# Can Popping



## Kipken (Feb 6, 2012)

shooting can bottoms, at 60+ feet Thanksgivng day useing my ergo arrow shooter, Tex's heavy black tubes and a sureshot pouch, shooting marbles..


----------



## bullseyeben! (Apr 24, 2011)

Good shootin!


----------



## lightgeoduck (Apr 3, 2011)

Sharp!!

Thanks for sharing

LGD


----------



## Rayshot (Feb 1, 2010)

Good shooting!

Shooting the end of cans is one of my favorite targets. When chasing cans and the can flips with one of the ends facing you, I get a little more excited for the shot.

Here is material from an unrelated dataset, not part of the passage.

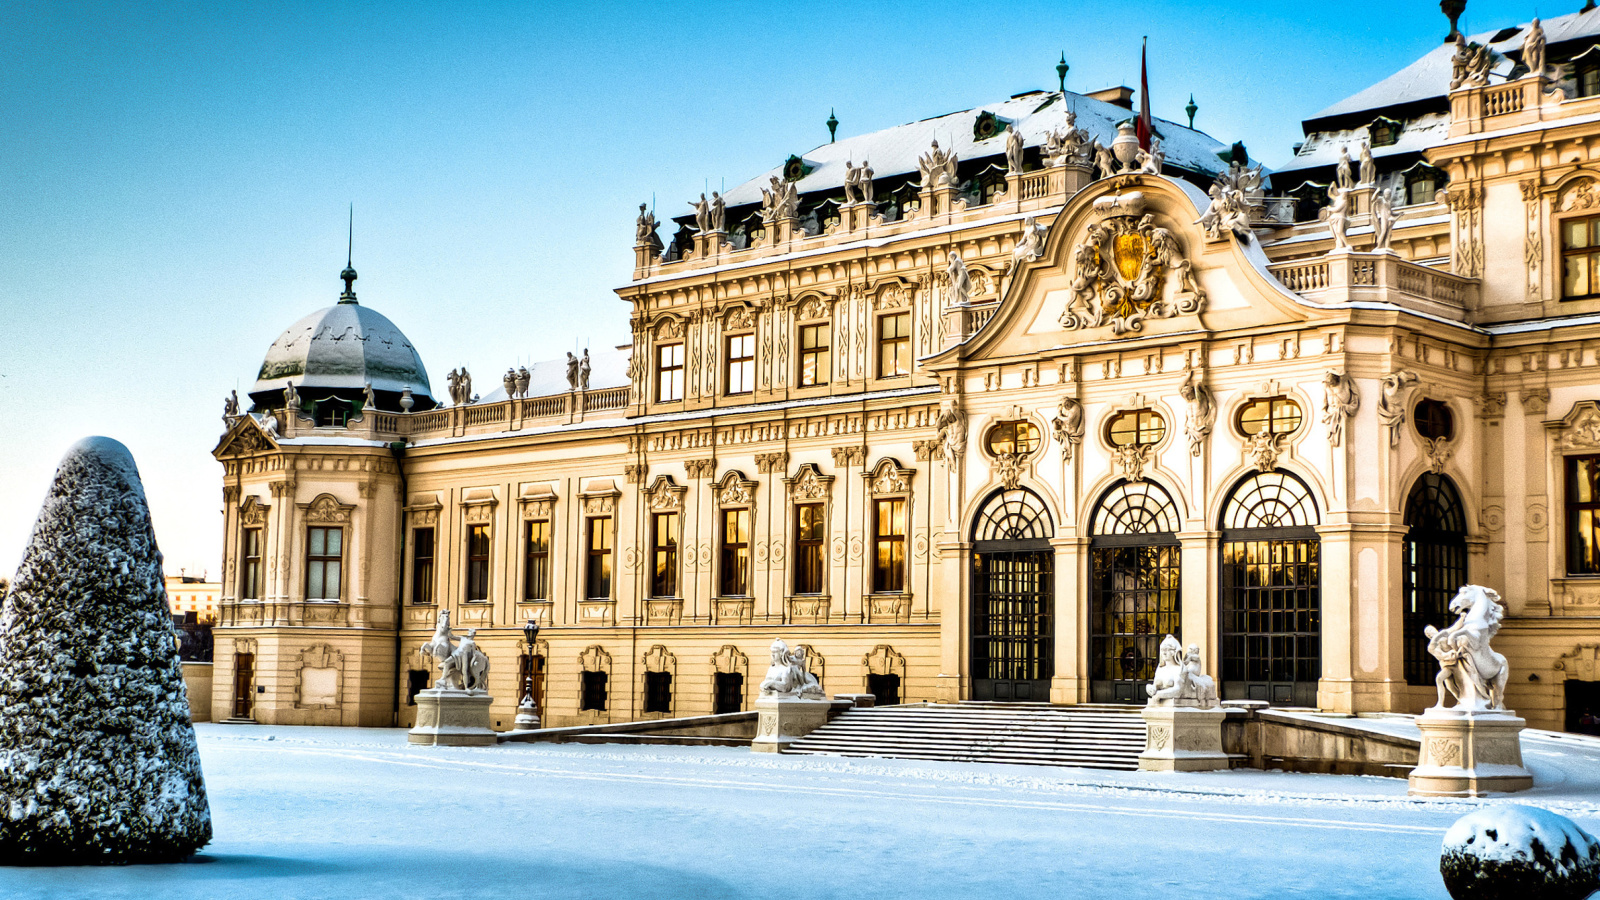 Das Belvedere Baroque Palace in Vienna Wallpaper 1600x900
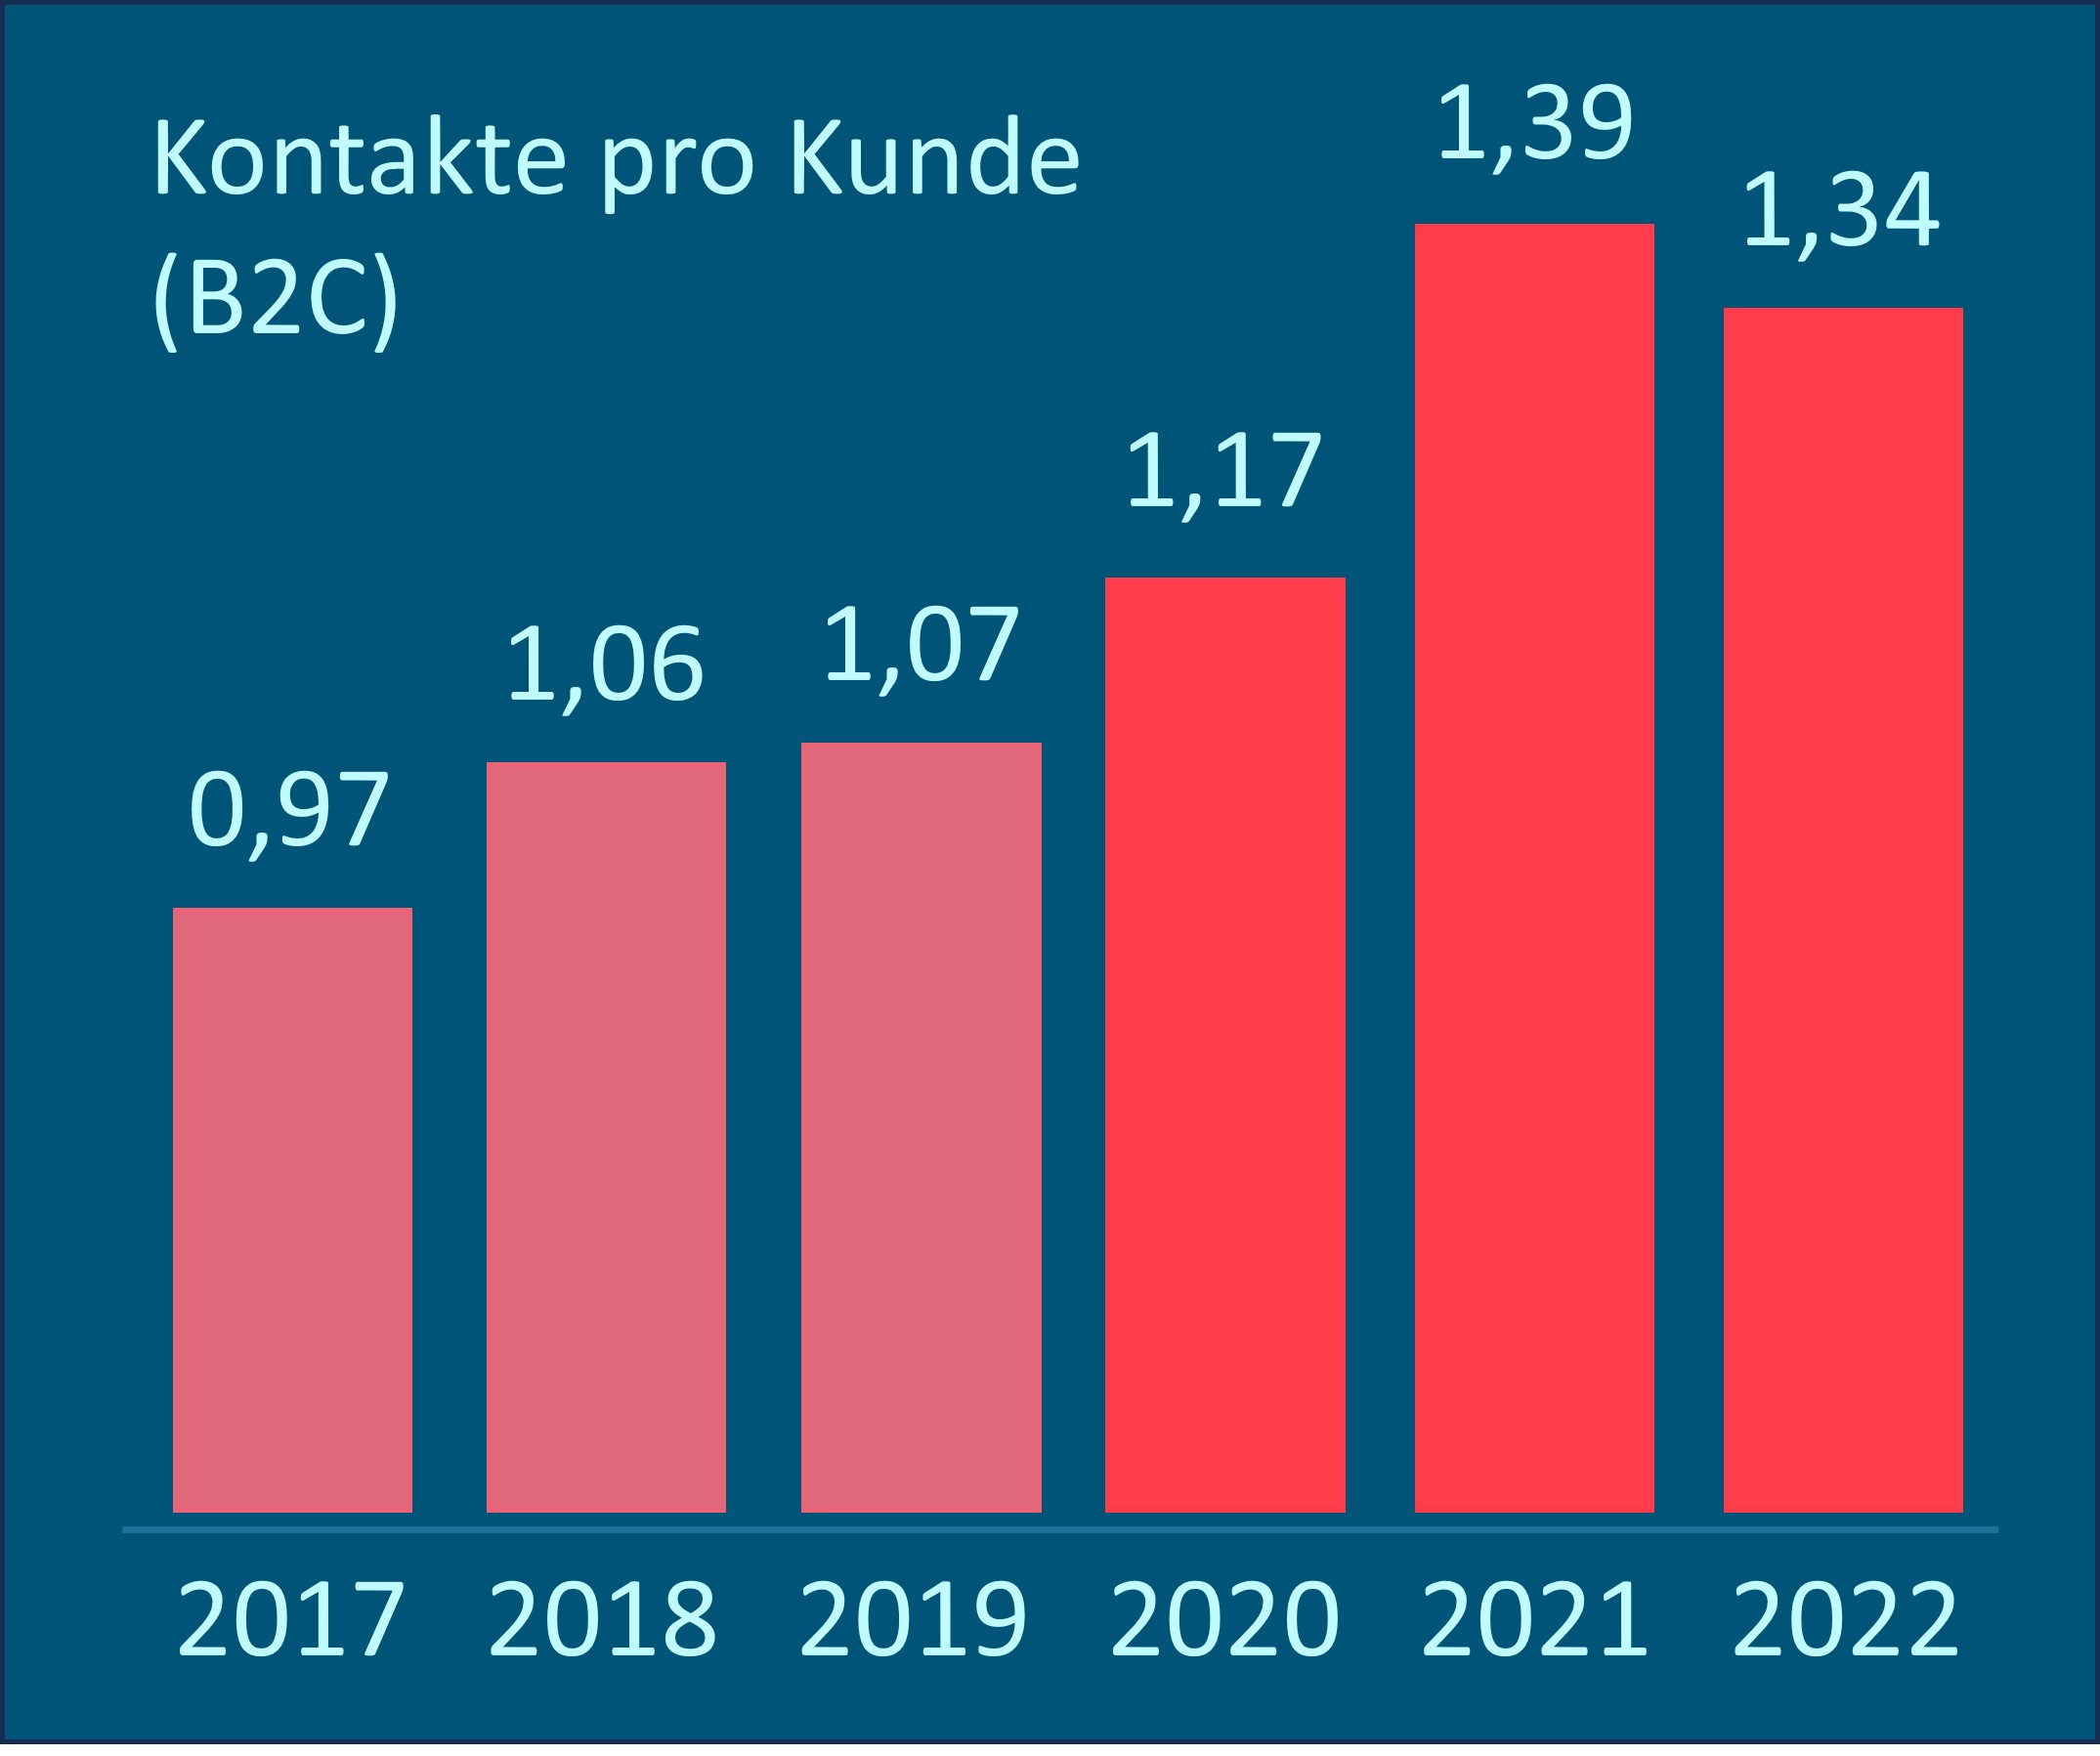 Balkendiagramm zeigt die Entwicklung der Kontakte pro Kunde (B2C) von 2017 bis 2022. 2017 lag die Quote bei 0,97. In den Jahren 2021 und 2022 lag sie bereits bei 1,39 bzw. 1,34.

Shooting cans is one of the best.


----------



## treefork (Feb 1, 2010)

There's just something about that metal ping sound!


----------



## Knoll (Nov 10, 2011)

Yep, sometimes a cut can will rotate with the end facing me. Then there's a moment to anticipate that special shot-hitting-can sound.


----------



## Sean (Nov 17, 2011)

Cool shooting there Kipken! Love shooting cans myself although I'm not that good of shot.


----------



## Dayhiker (Mar 13, 2010)

Nice! If you can do that, you'll always be able to get yourself a dinner should the need arise.


----------



## Kipken (Feb 6, 2012)

thanks guys , cans are my favorite target, I also shoot spoons .. and Dayhiker I do have a couple squirrels in the freezer...








Kip


----------



## capnjoe (Jun 3, 2012)

Excellent shot, Kip! Loved it. I like to say stupid stuff like "get outta here can!" You should try that. It'll make you laugh. Hearing yourself talk to an inanimate object'll do that.
Those bottom shots are great, but shooting a spoon is next level stuff. I'm sure the latter aided the former. When I switched to shooting a spoon a switch was flicked. 
Now I know... "There is no spoon."


----------



## quarterinmynose (Jan 21, 2012)

pop! another of my favorite sounds. Nice shooting Sir.


----------



## Kipken (Feb 6, 2012)

Thanks Capn, oh I do talk to them just not on camera .. Hahahaha
and you are right about the spoon , after I hit it so many times the scoop of the spoon fell off ,I started shooting at just the handle, it's not card cutting or match lighting or shooting a marble in mid air, but hopefully its leading up to that . all of you guys are an inspiration...
Kip


----------



## capnjoe (Jun 3, 2012)

"If you will it, it is no dream." Theodor Herzl


----------



## Carbon (Nov 18, 2012)

Hehe, great shooting my friend! Very impressive!


----------